If a person dies without leaving a will, their fiat assets will never be left unused. This is not the case with cryptocurrency. There are no authorities that will appropriate unallocated assets because there’s no way to access them if the key is lost with the deceased. Cryptocurrency is just thirteen years old, but this is already a problem, and it’s set to become increasingly relevant as the years progress and adoption of crypto increases. It’s easy to imagine a custodial solution, but none can be entirely safe.
Kirobo inheritance is a non-custodial mechanism enabling users to bequeath assets to loved ones by pre-defining automatic transfers to up to eight different locations. Powered entirely by smart contract, there is no need to entrust your assets to anyone.

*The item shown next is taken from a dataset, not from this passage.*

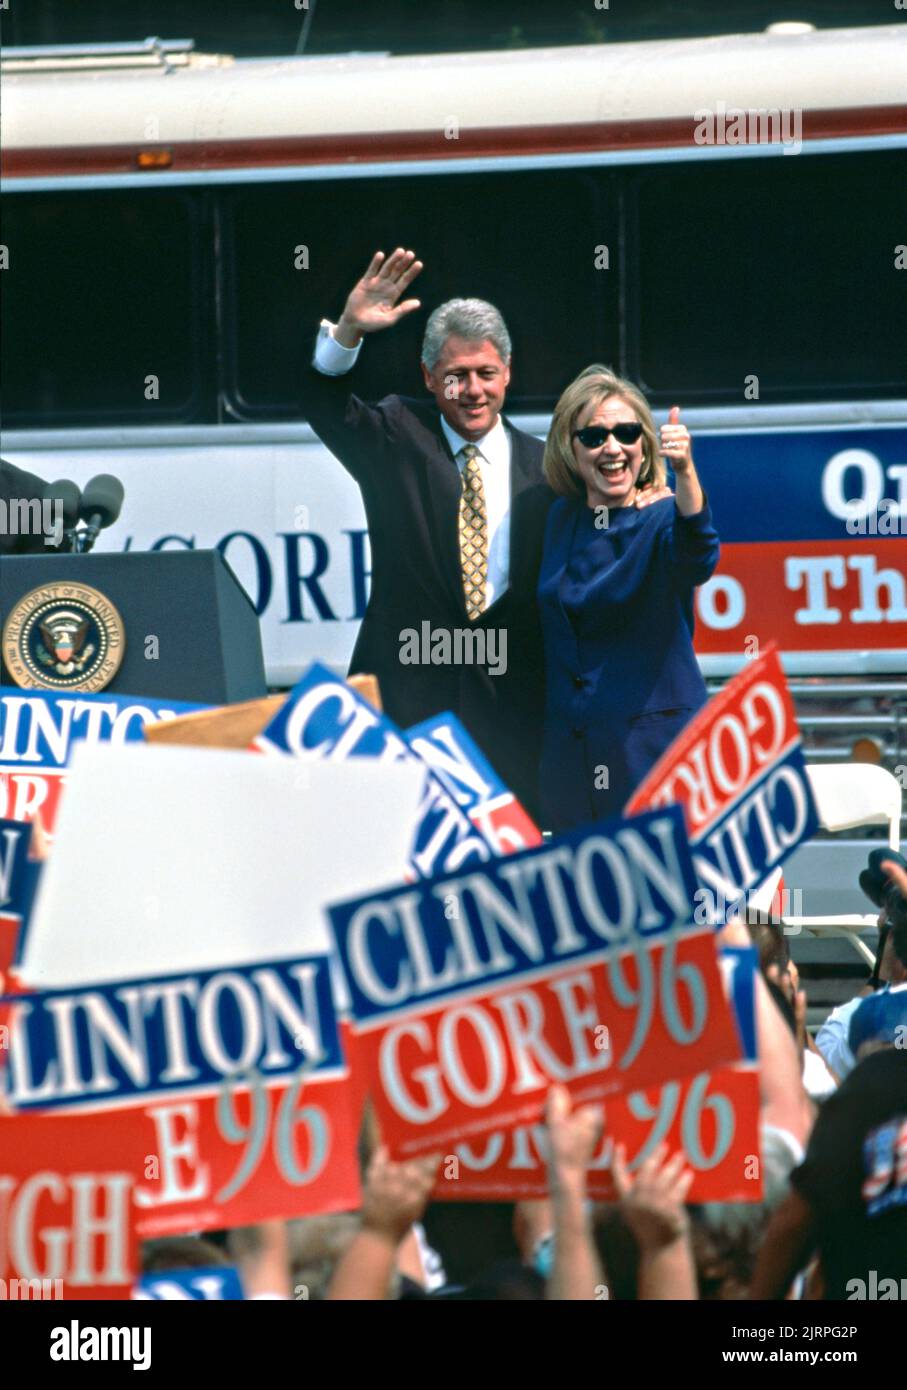 El presidente de los Estados Unidos Bill Clinton y la primera dama Hillary Clinton saludaron a multitudes de partidarios durante un mitin de campaña el 30 de agosto de 1996 en Cape Girardeau, Missouri. Clinton se detuvo en la comunidad del Río Mississippi en su gira en autobús de campaña llamado el puente al siglo 21st. Foto de stock

Inheritance transfers can also be protected with Safe Transfer, preventing mistakes.
How it works
Setting the inheritance involves defining crypto wallets representing heirs, defining the amount each is to receive, and setting the timer via the interface.
Setting the inheritance requires a small amount of KIRO, and the user must periodically reset it, also for a small fee. To activate the inheritance, the user must deposit a certain amount of KIRO into the smart contract. The user may retrieve this stake whenever they like, but they’re motivated to remain – first by the assurance provided by the system, and secondly by economic benefits as described in the tokenomics section.
When the timer reaches zero without being reset, a random system activator will be alerted and will activate that user’s inheritance mechanism by sending a transaction to the smart contract.
When this happens, that user’s activation stake will be distributed throughout the ecosystem, as described in the tokenomics section.
If the transfers were protected by Safe Transfer, the heirs will receive a notification and must enter the correct password to receive the assets. This is another vital layer of protection against human error.